GREFFIER : Valérie DOIZE
COMPOSITION DE LA COUR LORS DU DÉLIBÉRÉ
Pierre NOUBEL
: PRÉSIDENT DE CHAMBRE
Virginie CLAVERT
: CONSEILLER
Laure BERNARD
: CONSEILLER
ARRÊT : Contradictoire
prononcé par sa mise à disposition au greffe le 29 Novembre 2024,
les parties présentes en ayant été préalablement avisées dans les conditions prévues à l’article 450 du code de procédure civile, signé par Pierre NOUBEL, Président et par Nadine BERLY, greffier auquel la minute de la décision a été remise par le magistrat signataire.
ORDONNANCE DE CLÔTURE : rendue le 12 Septembre 2024
EXPOSÉ DU LITIGE ET PRÉTENTIONS RESPECTIVES DES PARTIES
Mme [S] [U] a été engagée par la société CAISSE RÉGIONALE DU CRÉDIT AGRICOLE MUTUEL NORD DE FRANCE suivant contrat à durée indéterminée à compter du 8 juillet 2010 en qualité d’assistante clientèle puis de conseiller clientèle.
Suivant courrier remis en main propre du 4 mars 2020, Mme [S] [U] a été convoquée à un entretien préalable en vue de son éventuel licenciement, fixé au 11 mars 2020 avec mise en pied conservatoire.
Par courrier du 16 mars 2020, la société CAISSE RÉGIONALE DU CRÉDIT AGRICOLE MUTUEL NORD DE FRANCE a convoqué Mme [S] [U] à un conseil de discipline le 24 mars 2020, reporté au 17 juin 2020.
Par lettre recommandée avec accusé réception en date du 22 juin 2020, Mme [S] [U] a été licenciée pour faute grave.
Le 10 novembre 2020, la salariée a saisi le conseil de prud’hommes de Lille afin de contester son licenciement et d’obtenir réparation des conséquences financières de la rupture du contrat de travail.
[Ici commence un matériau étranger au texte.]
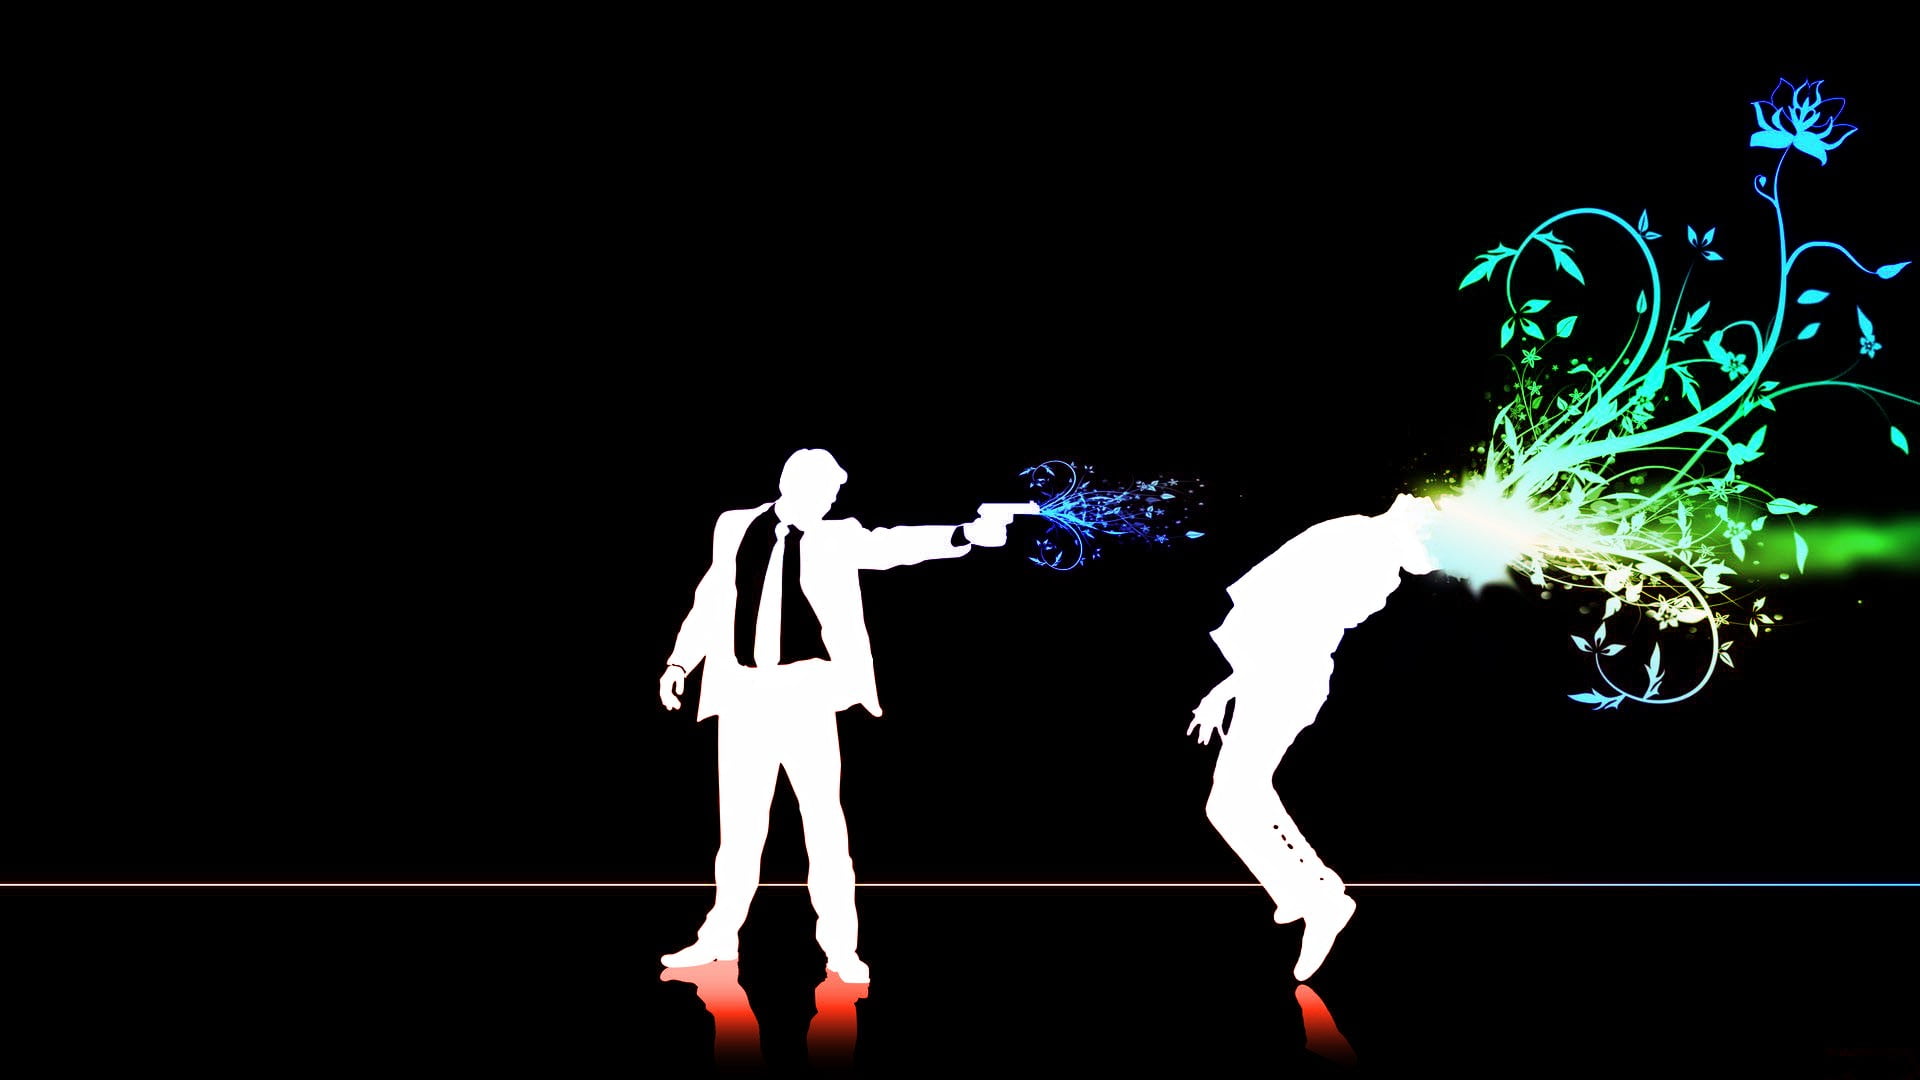 man in suit jacket firing gun illustration, abstract, shooting

Vu le jugement du conseil de prud’hommes du 19 juin 2023, lequel a :
— dit que le licenciement de Mme [S] [U] est sans cause réelle et sérieuse,
— fixé la moyenne des salaires mensuelles de Mme [S] [U] à 2340 euros,
— condamné la société CAISSE RÉGIONALE DU CRÉDIT AGRICOLE MUTUEL NORD DE FRANCE à payer à Mme [S] [U] :
— 15000 euros à titre d’indemnité pour licenciement sans cause réelle et sérieuse,
— 5850 euros à titre d’indemnité de licenciement,
— 4680 euros au titre de l’indemnité compensatrice de préavis, outre 468 euros au titre des congés payés y afférents,
— 2400 euros au titre des dispositions de l’article 700 du code de procédure civile,
— rappelé que les condamnations prononcées emportent intérêts au taux légal, à compter de la date de réception par l’employeur, de sa convocation devant le bureau de conciliation, pour les créances de nature salariale et du prononcé de la présente décision, pour les créances de nature indemnitaire,
— débouté Mme [S] [U] du surplus de ses demandes,
— débouté la société CAISSE RÉGIONALE DU CRÉDIT AGRICOLE MUTUEL NORD DE FRANCE du surplus de ses demandes,
— débouté les parties de toutes autres demandes différentes, plus amples ou contraires au présent dispositif,
— limité l’exécution provisoire à ce que de droit,
— condamné la société CAISSE RÉGIONALE DE CRÉDIT AGRICOLE MUTUEL NORD DE FRANCE aux dépens de l’instance.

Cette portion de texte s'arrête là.